Submitted to: Applied and Environmental Microbiology
Publication Type: Peer Reviewed Journal
Publication Acceptance Date: July 7, 1998
Publication Date: N/A
Interpretive Summary: Many agricultural dealerships across the country have soil contaminated with pesticides. At thousands of these sites, contamination is severe enough to warrant cleanup. Bioremediation is a potential low-cost strategy for cleanup, but knowledge of pesticide bioremediation is limited. This research was part of an integrated program to develop in situ bioremediation approaches for pesticides, including atrazine. An atrazine-degrading microorganism, Agrobacterium radiobacter, was isolated from soil. Although the organism uses the nitrogen in atrazine as a nutrient, nitrogen from other sources does not stop degradation. Additional sucrose increases the bacterium's activity in liquid culture. The bacterium is also capable of degrading four other triazine herbicides. We added this bacterium to soil contaminated with atrazine from two agricultural dealerships. In one soil, the bacterium removed 45 to 80% of the atrazine. Adding sucrose to the soil increased degradation in some experiments, but not in others. The second soil contained a population of native microorganisms that also degraded atrazine; inoculation did not increase the rate of degradation. If survival of this microorganism can be increased, it will be potentially useful in bioremediating soils containing high concentrations of triazine herbicides.

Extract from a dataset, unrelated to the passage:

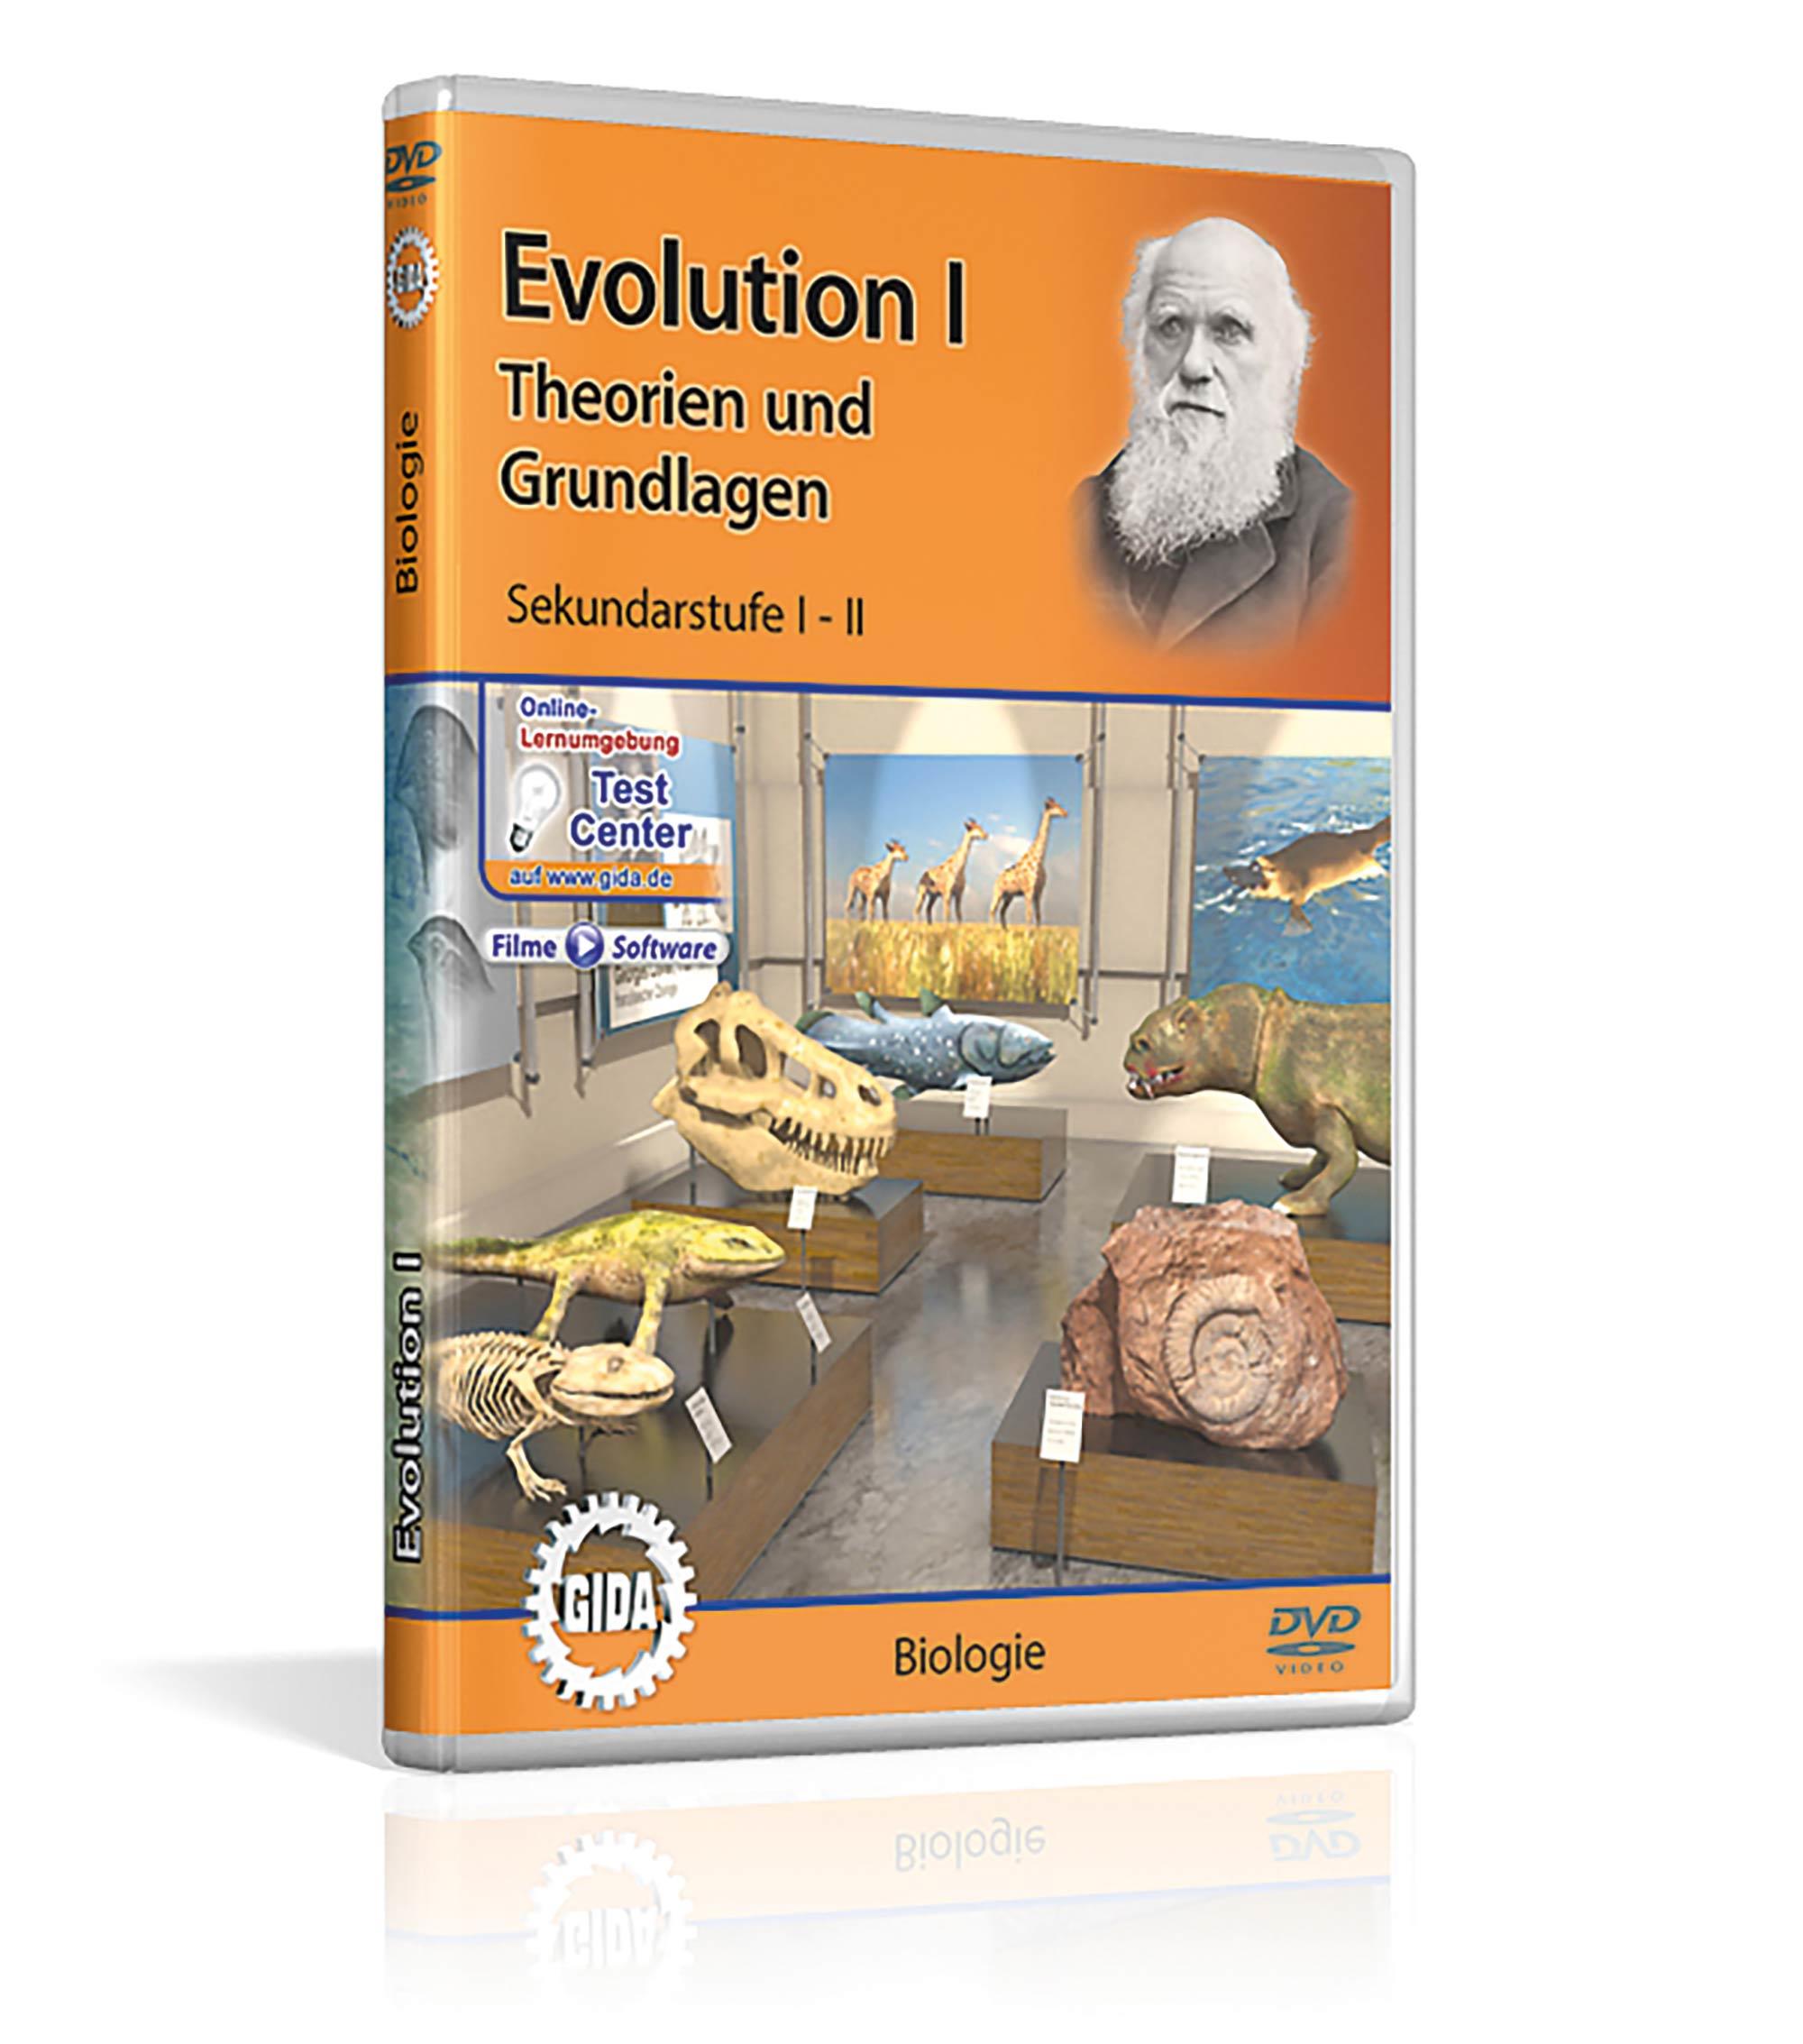 Evolution I: Theorien und Grundlagen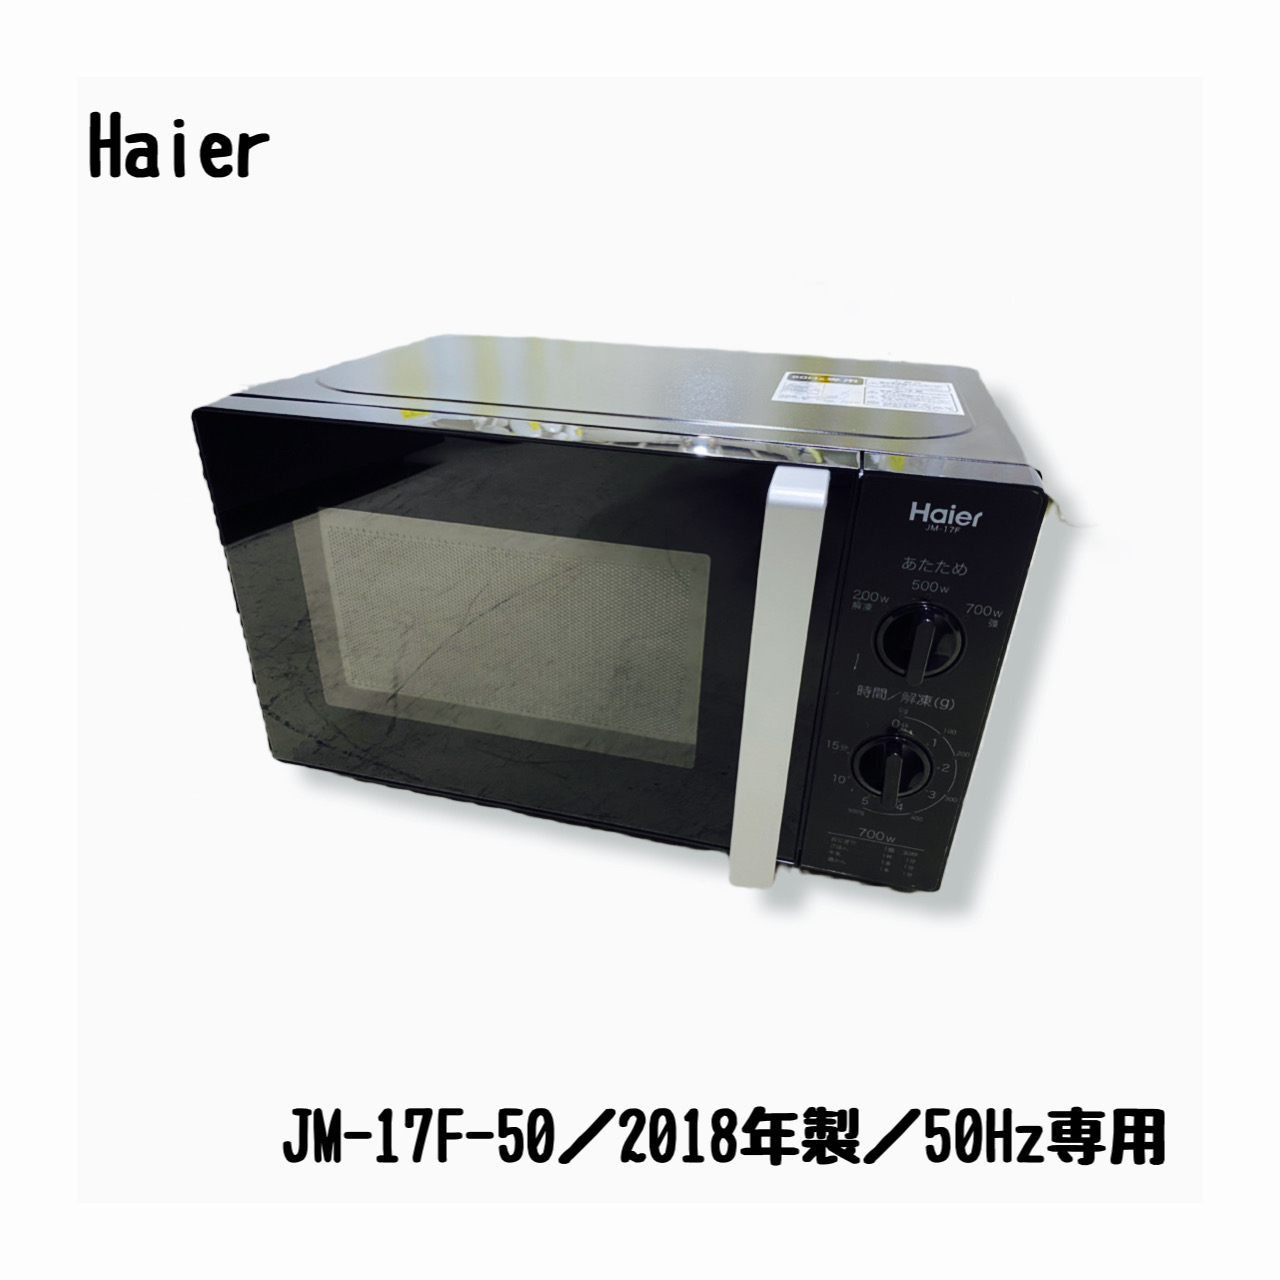 【新品未開封】 Haier ハイアール 電子レンジ JM-17F-60 ホワイト

We examined the ability of a soil bacterium, Agrobacterium radiobacter strain J14a, to degrade the herbicide atrazine under a variety of cultural conditions and used this bacterium to increase the biodegradation of atrazine in soils from agricultural chemical distribution sites. J14a cells grown in N-free media with citrate and sucrose as C sources mineralized 94% of 50 ug ml**-1 [**14C-UL-ring]-atrazine in 72 h with a concurrent increase in the population size from 7.9x10**5 to 5x10**7 cells ml**-1. Under these conditions cells mineralized the [**14C-ethyl]-atrazine and incorporated approximately 30% of the **14C into J14a biomass. Cells grown in medium without additional C and N sources degraded atrazine, but the cell numbers did not increase. Metabolites produced by J14a during atrazine degradation include hydroxyatrazine (HA), deethylatrazine (DEA), and deethyl-hydroxyatrazine (DEHA). Addition of 10**5 J14a cells g**-1 into soil with a low indigenous population of atrazine degraders treated with 50 and 200 ug atrazine g**-1 soil resulted in two to five times higher mineralization than the non-inoculated soil. Sucrose addition did not result in significantly faster mineralization rates or shorten degradation lag times. However, J14a introduction (10**5 cells g**-1) into another soil with a larger indigenous atrazine-mineralizing population reduced atrazine degradation lag times below those in non-inoculated treatments but did not generally increase total atrazine mineralization.